At 13 I had to listen to two boys on my English table go round the room systematically rating every girl’s attractiveness out of ten. At 14 I wore a new pair of shorts and had a group of boys I’d never met aggressively shout ‘sexy’ at me as I walked down my road (I was terrified and never wore those shorts again). At 16 a middle-aged man made me move my stuff so he could sit next to me on a half empty bus, forcing me to climb over him so I could get off. At 18 a boy I’d met once in a club felt entitled to message me asking for naked pictures. I met him again a few months later and he told me – unprompted – that if I’d been a bit less drunk he would definitely have got off with me the night we met (because c’mon guys, unless she is mentally incapable of saying so, that girl absolutely wants to shag you too – we love progressive morals!) The same year a middle-aged man grabbed me and groped me in the street on New Year’s Eve. A couple of months later, a guy in a club told me presumptively "ready when you are"; when I said I wasn’t going to sleep with him he did a literal 180 and ignored me for the rest of the night.
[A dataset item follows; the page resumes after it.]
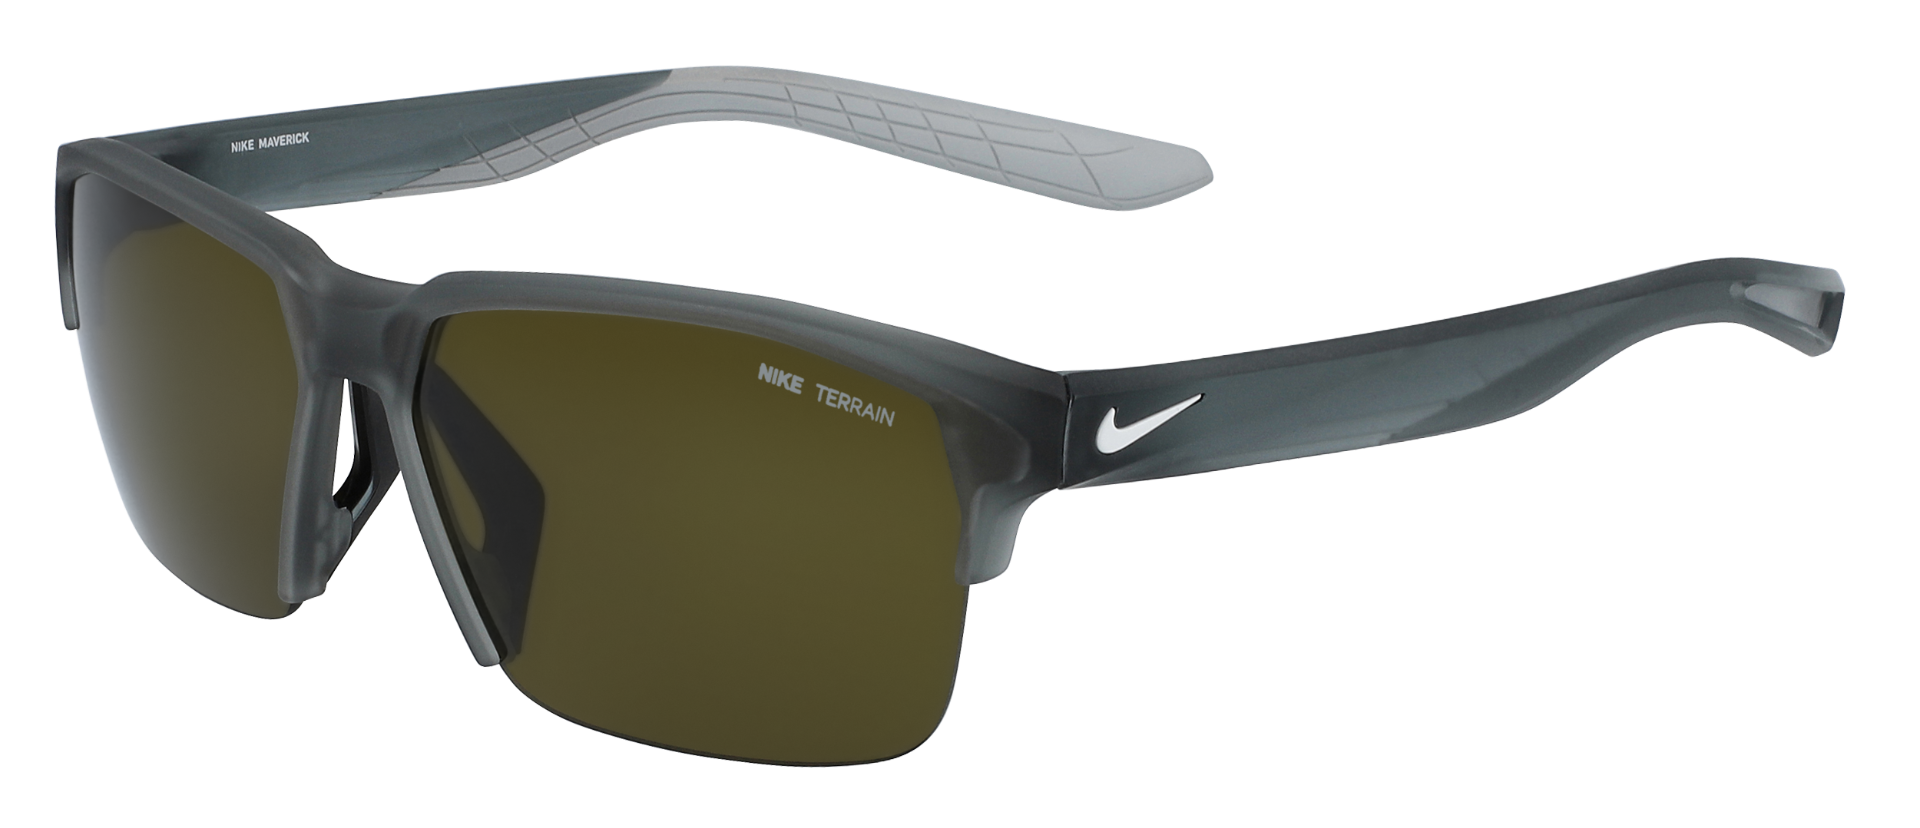 Nike sunglasses with interchangeable lenses featuring the Maverick Free frame. Matte grey and white frame with square interchangeable lenses in greenish tint.

Now I’m 19 and I’m angry. I’m angry because all of these experiences, which vary in their surface-level seriousness, have conditioned me to view myself not as a human but as a product. I’m angry because of the hours I’ve spent looking at photos and in mirrors desperately wondering what I actually look like and if that’s good enough; not good enough for me, but good enough for the men throughout my life who have made me feel like an object for their consumption. I’m angry because I’ve arrived at university, at a place supposedly full of intelligent and perceptive people, and watched myself and my friends repeatedly be patronised and devalued.

It shows how women's movements like Times Up still have importance

People wonder how incidents like the Warwick group chats happen; how actions so warped and sick can possibly take place on our university campuses. The fact is that it stems from these tiny incidents that seem inconsequential in isolation, but are actually contributing to a persisting male culture of viewing women as physical objects before they are people. It makes me feel sick.

So this is my slightly sombre takeaway from Blind Date. You might be wondering if it is an experience I will be taking up again, and my answer is that I actually might. It’s a fun way of raising money, and you might end up having a completely non-awkward, actually enjoyable time. If experiences of feminist enlightenment are a regular occurrence, then I think it’s the best fundraising activity we’ve got.